▸ **MATERIAL PROVIDED**
= = =

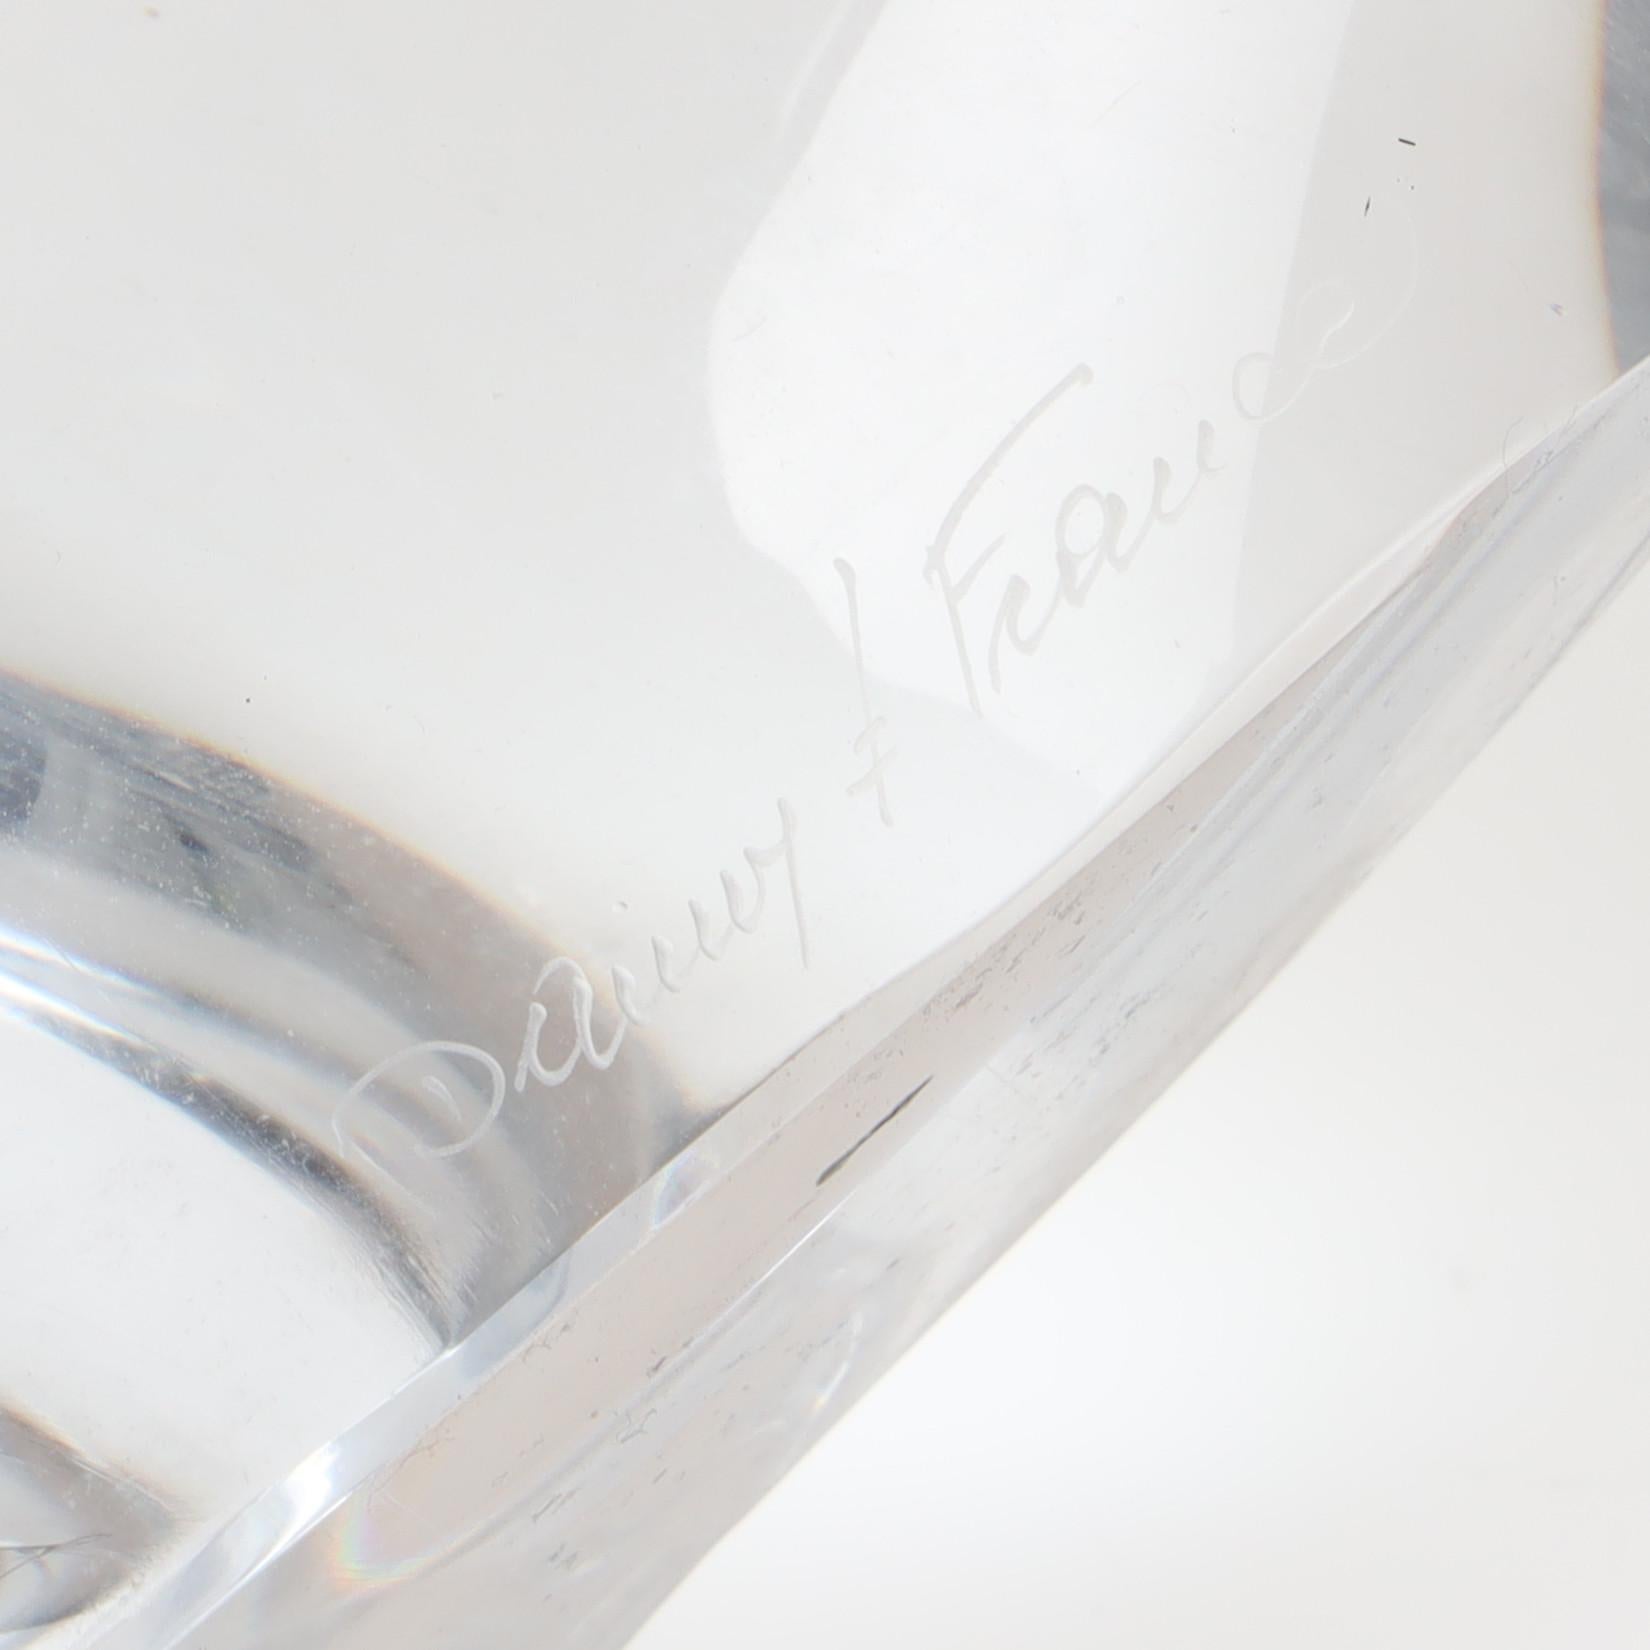 Lampe à poser Daum en clair  cristal moulé, France 1960. Signé Daum sur la partie inférieure 
22 cm/ 9 pouces  hauteur sans abat-jour
Bon état 
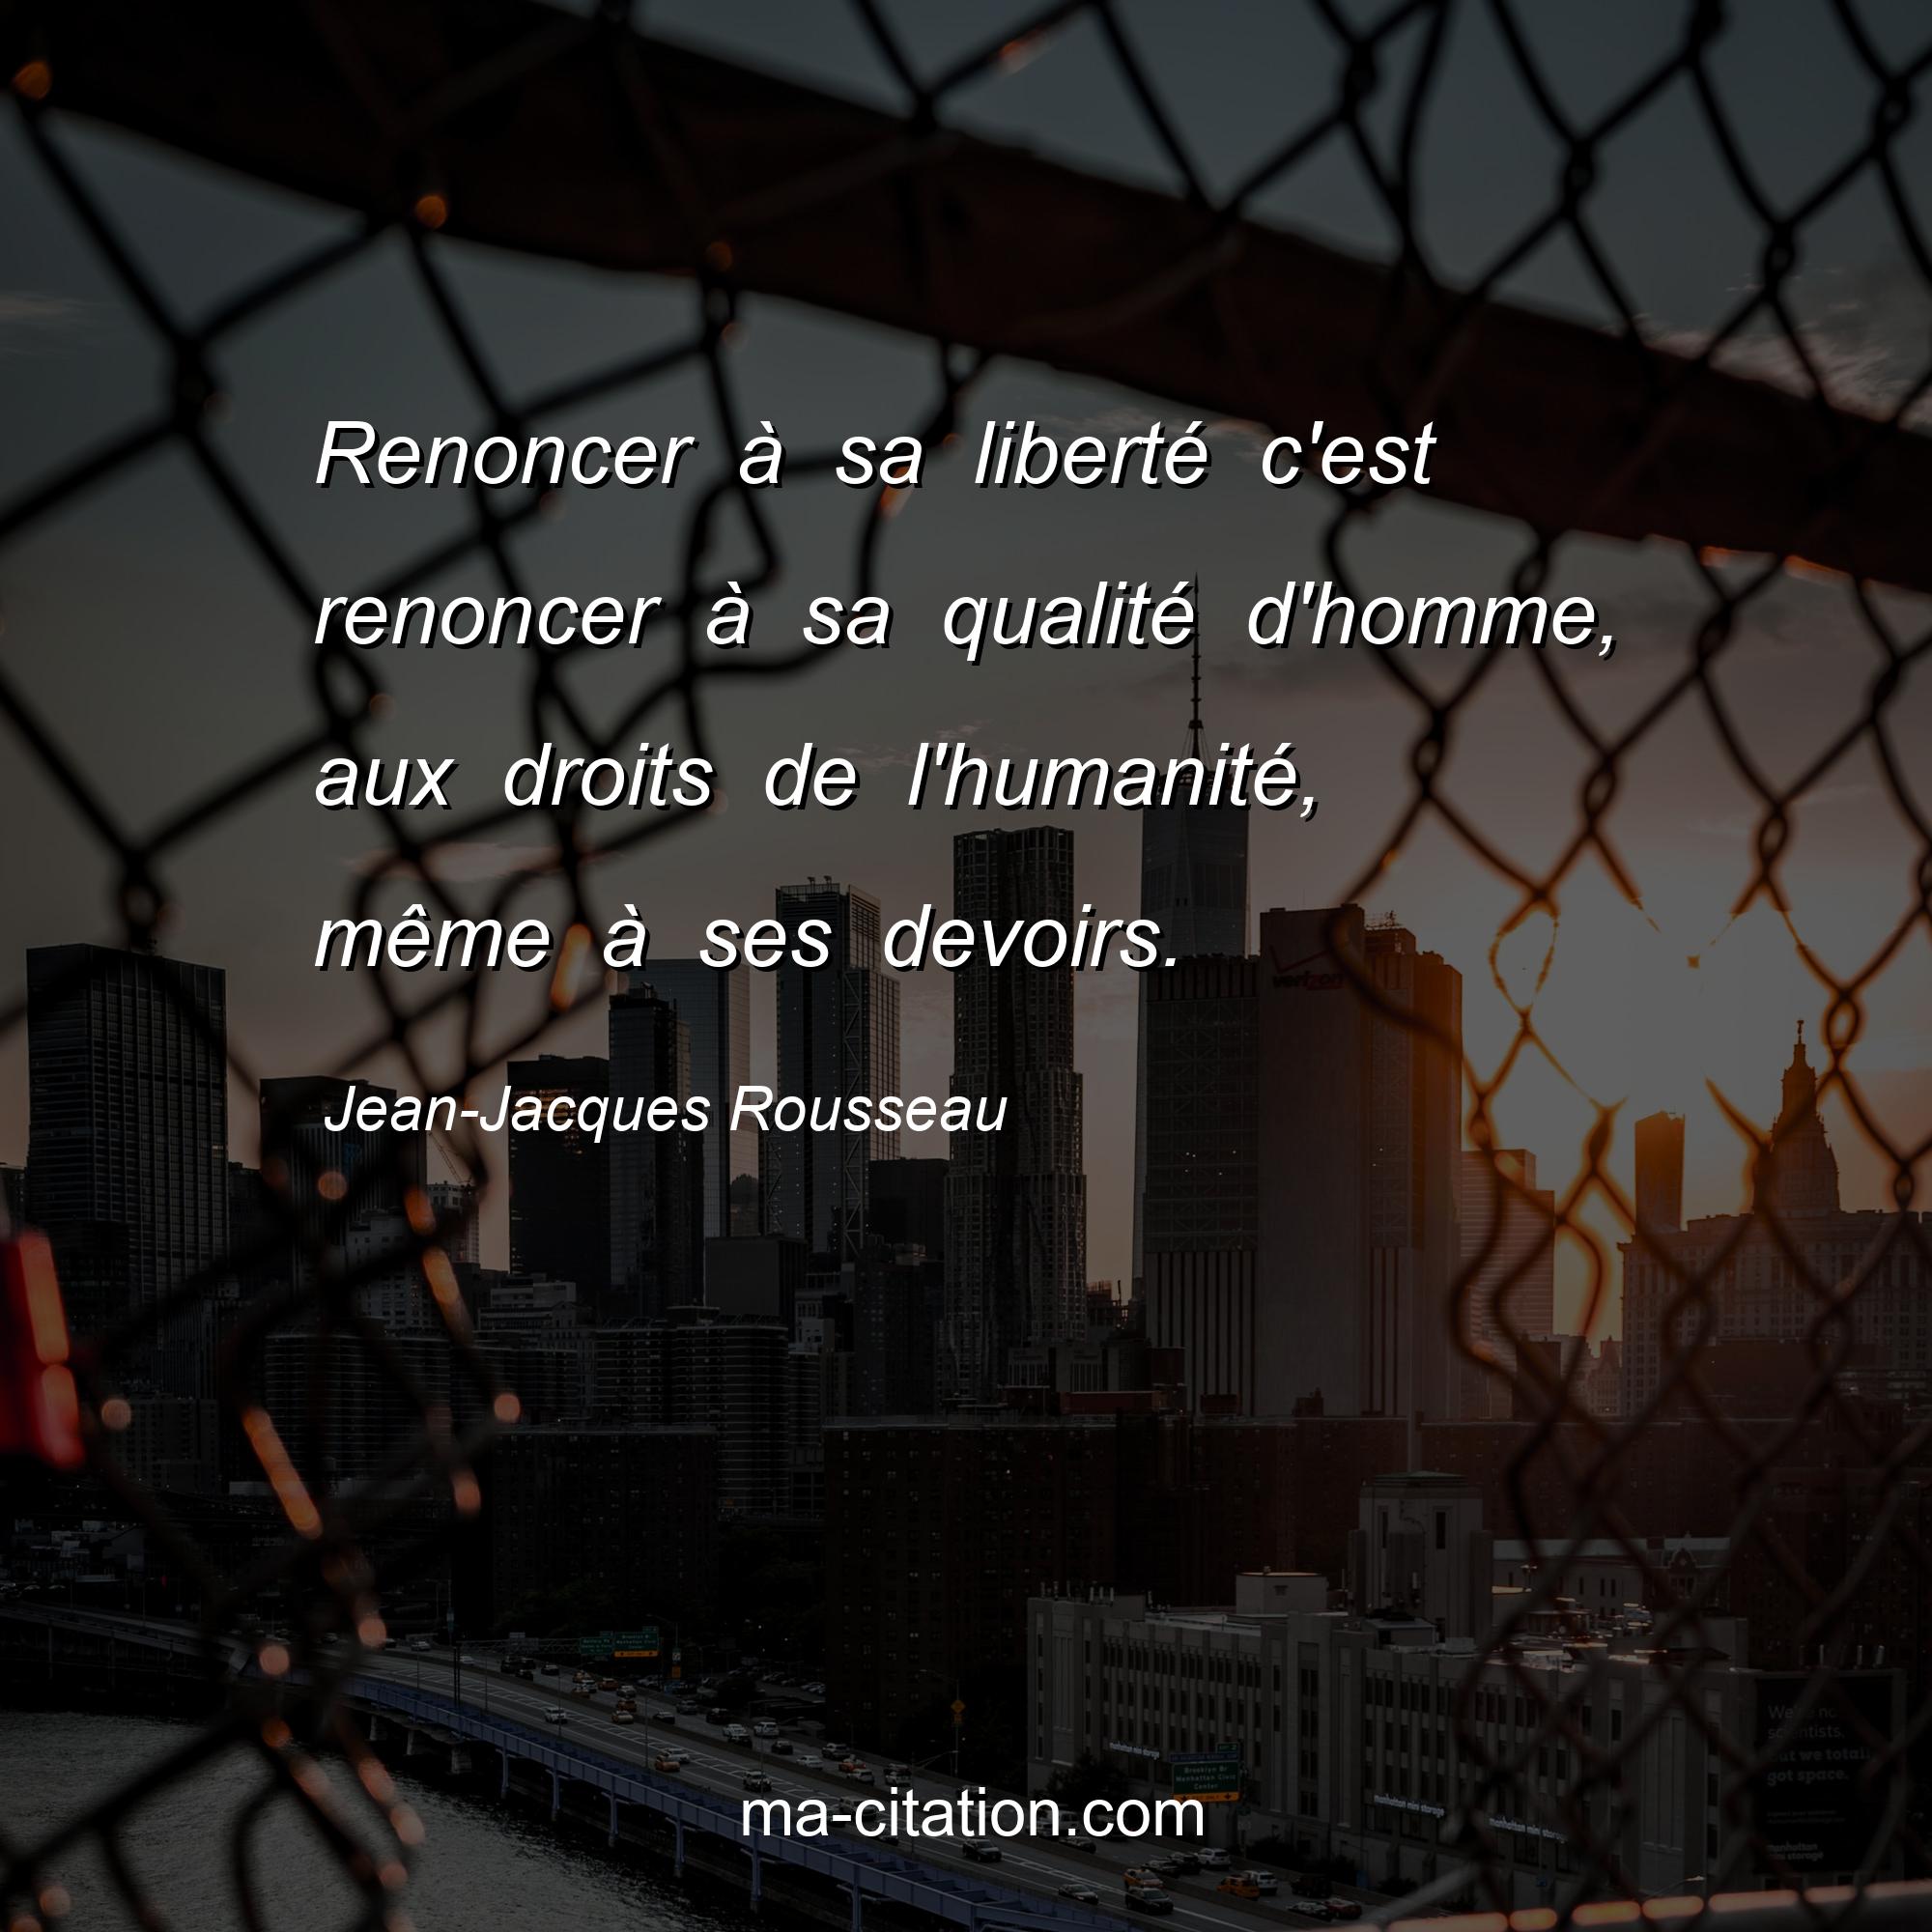 Jean-Jacques Rousseau : Renoncer à sa liberté c'est renoncer à sa qualité d'homme, aux droits de l'humanité, même à ses devoirs.

= = =

▸ **GOAL OF THE EXERCISE**
Nothing but the pictures may be dropped; restate the material word for word.

▸ **ANSWER SECTION**
 Lampe à poser Daum en clair  cristal moulé, France 1960. Signé Daum sur la partie inférieure 
22 cm/ 9 pouces  hauteur sans abat-jour
Bon état 
 Jean-Jacques Rousseau : Renoncer à sa liberté c'est renoncer à sa qualité d'homme, aux droits de l'humanité, même à ses devoirs.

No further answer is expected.